La donna, nuovamente in campo, racconta che non ebbe il coraggio di seguirlo perché «Ottavio mi avrebbe cercato/ i suoi camerati mi avrebbero cercato e quando mi trovava mi uccideva»: gli «amici» del romanzo diventano «camerati» nel film, un sostantivo dalla precisa connotazione storica e politica, che si impregna della carica di violenza che sarebbe esplosa se la donna avesse seguito Tullio; l’imperfetto indicativo sostituisce il condizionale, come avviene sempre più di frequente nell’italiano parlato. La scena si chiude con i due amanti stesi sul letto.

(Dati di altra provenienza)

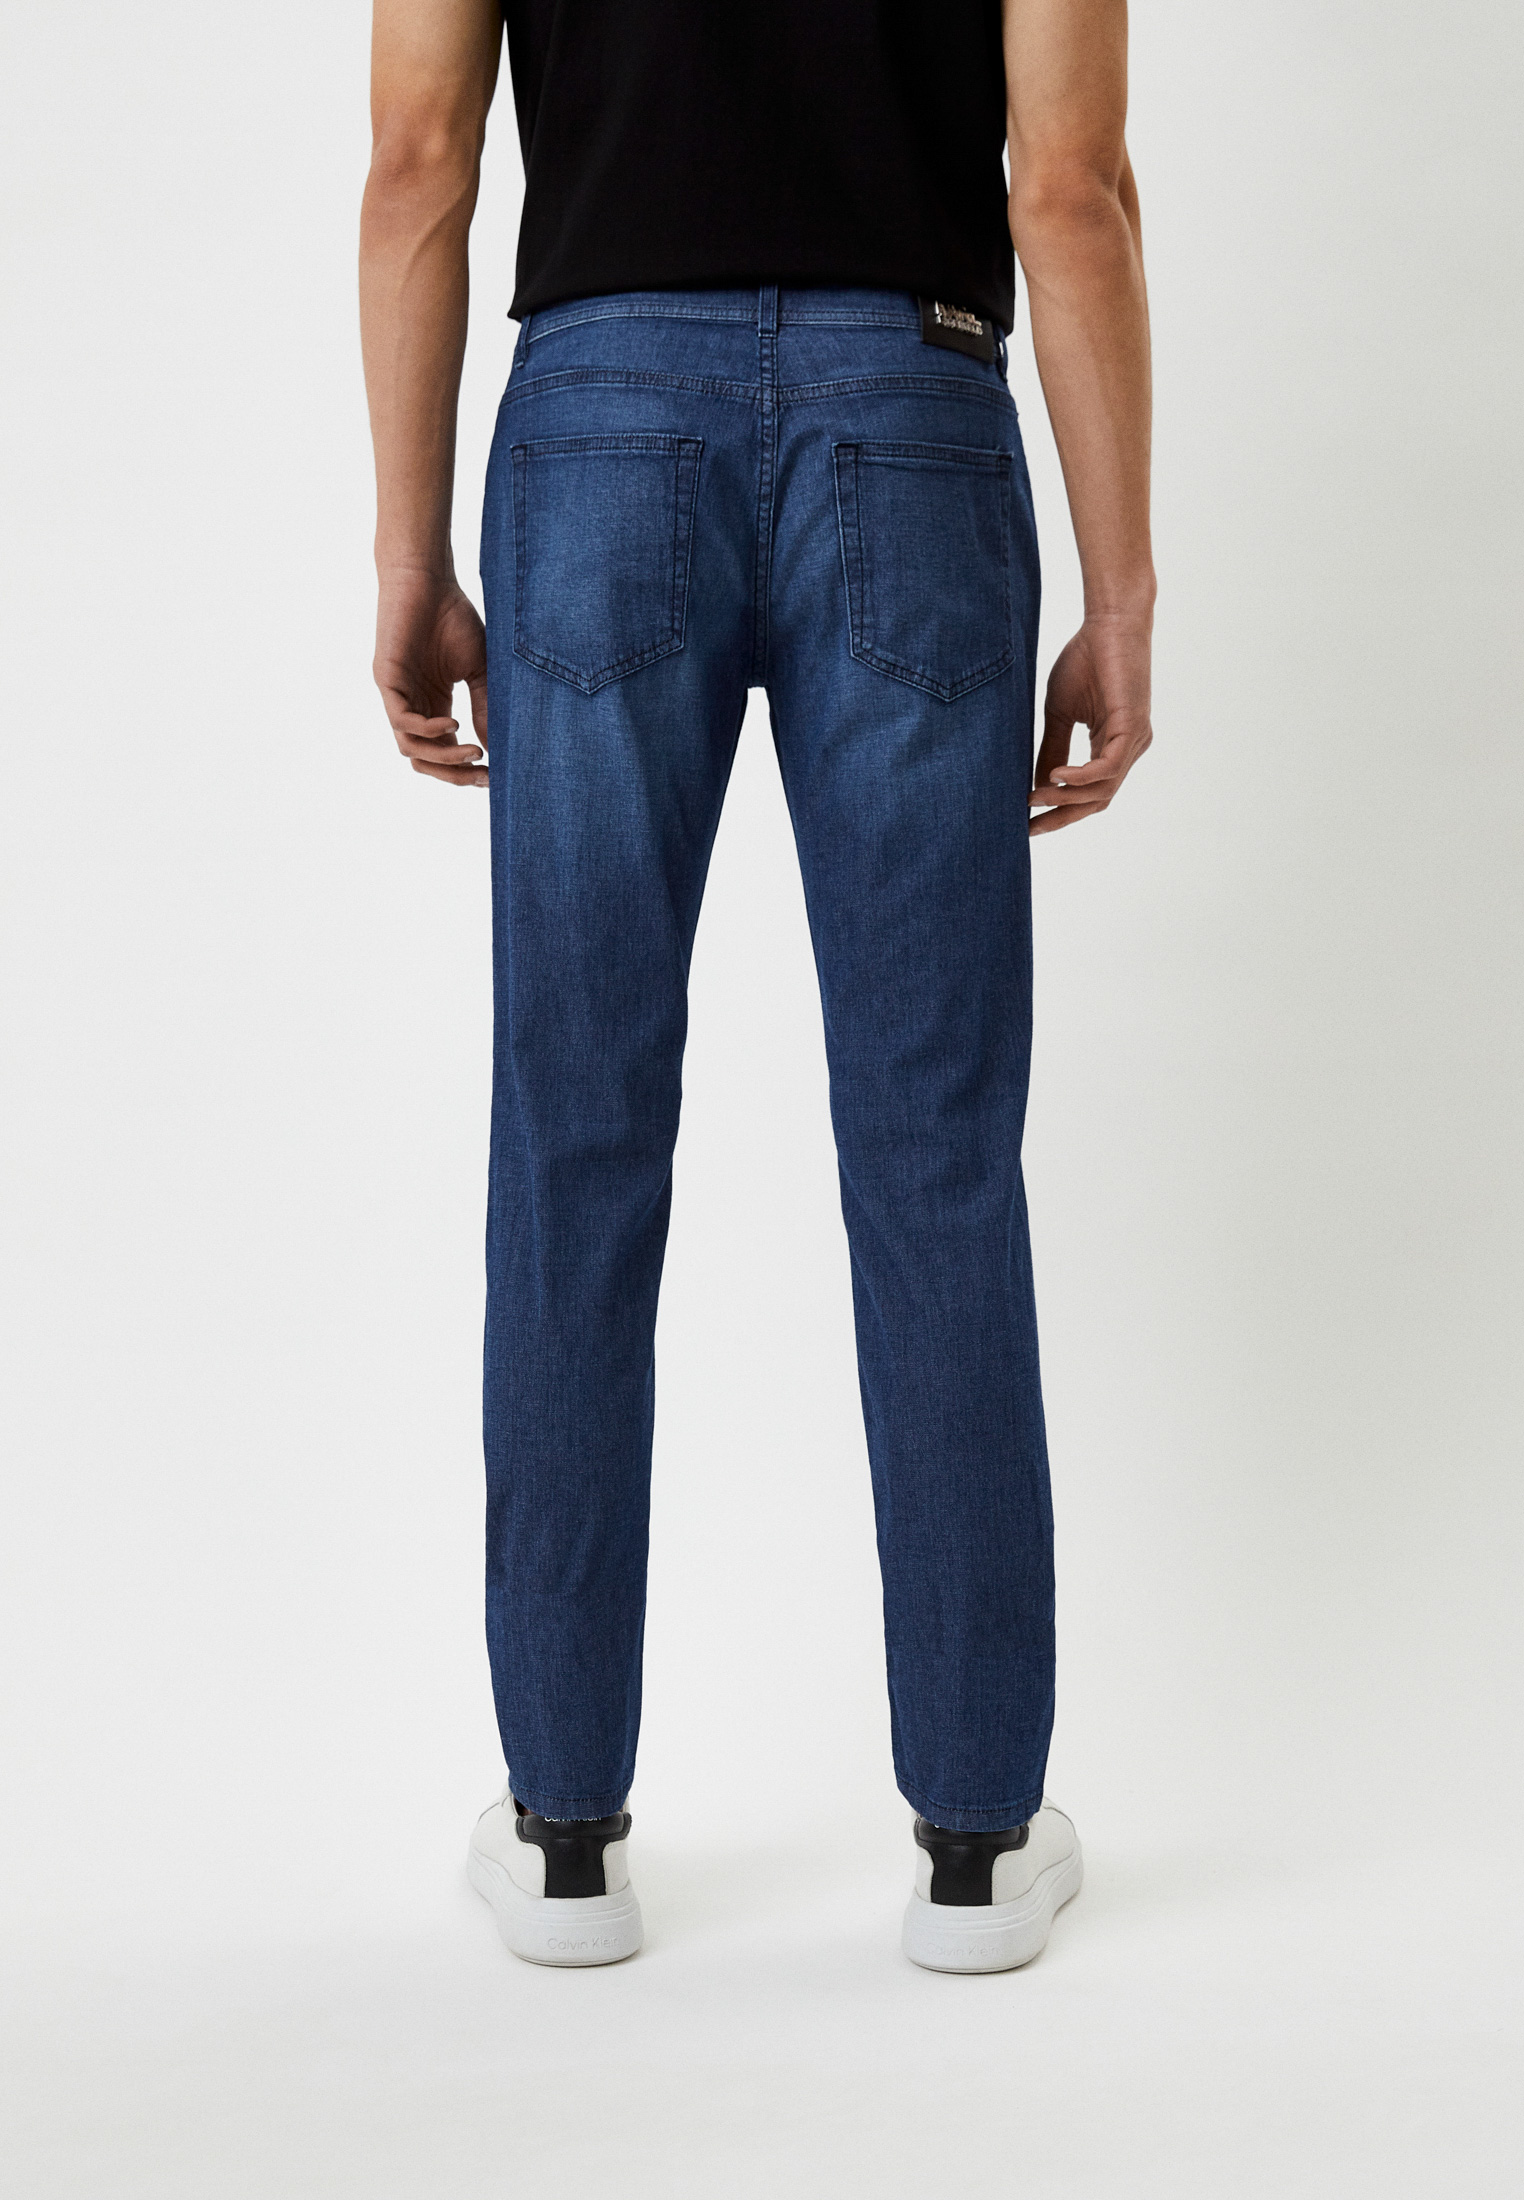 Мужские зауженные джинсы Karl Lagerfeld (Карл Лагерфельд) 265840-532806: изображение 3
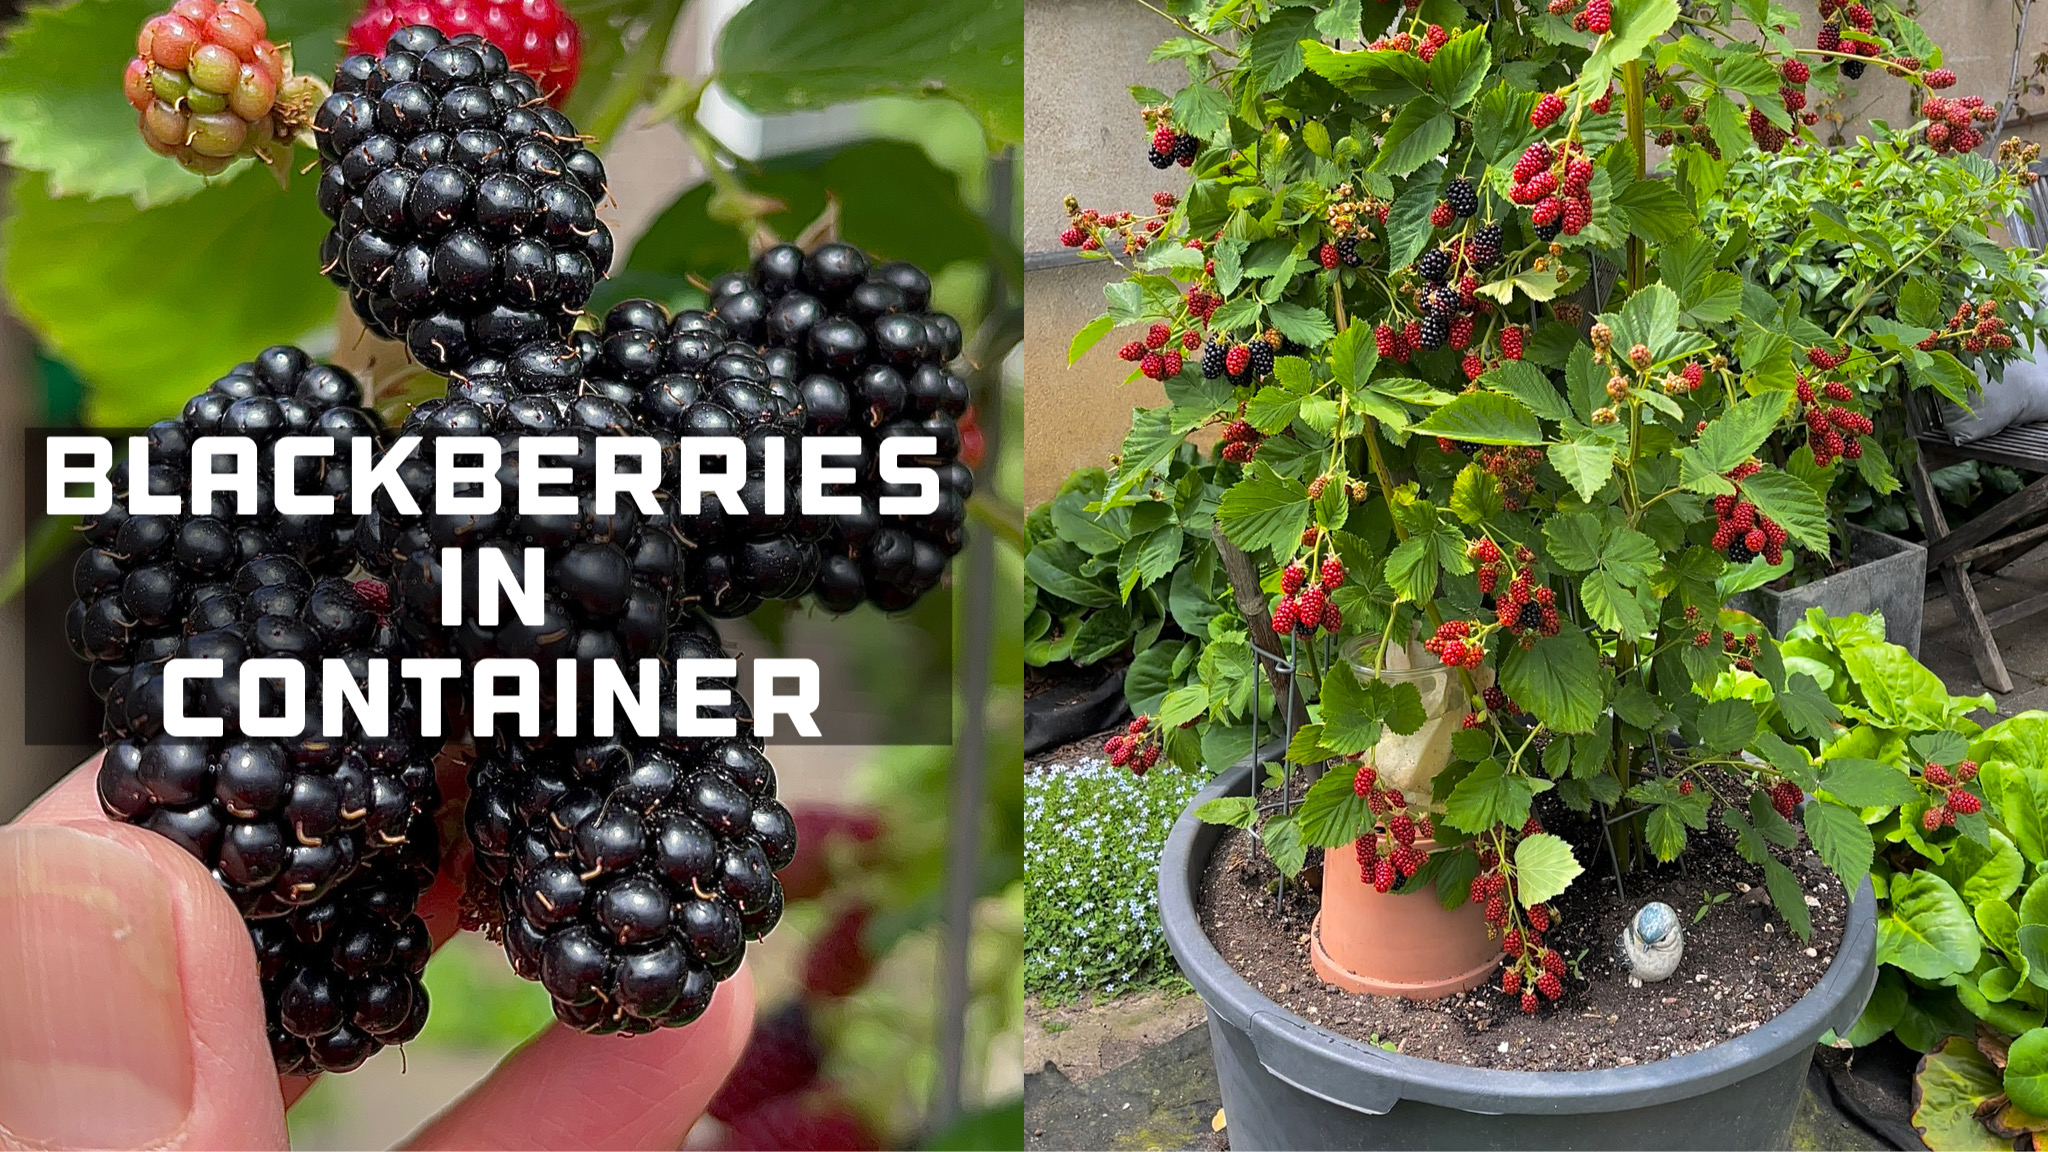 Growing Blackberries in Container

La sequenza del film segue fedelmente i brani del romanzo, alcuni dei quali sono narrati dalla donna a livello intradiegetico, mentre altri sono rievocati dalle immagini. Anche le battute vengono mantenute: il IX capitolo, più che altri trasposti nel film, si può leggere come una pre-sceneggiatura, un testo del quale il regista e sceneggiatore non si è fatto sfuggire alcun dettaglio. Anche la lingua e lo stile della testimonianza originaria sono rispettati.

Le scene 44 e 45 non sono confluite nel montaggio finale.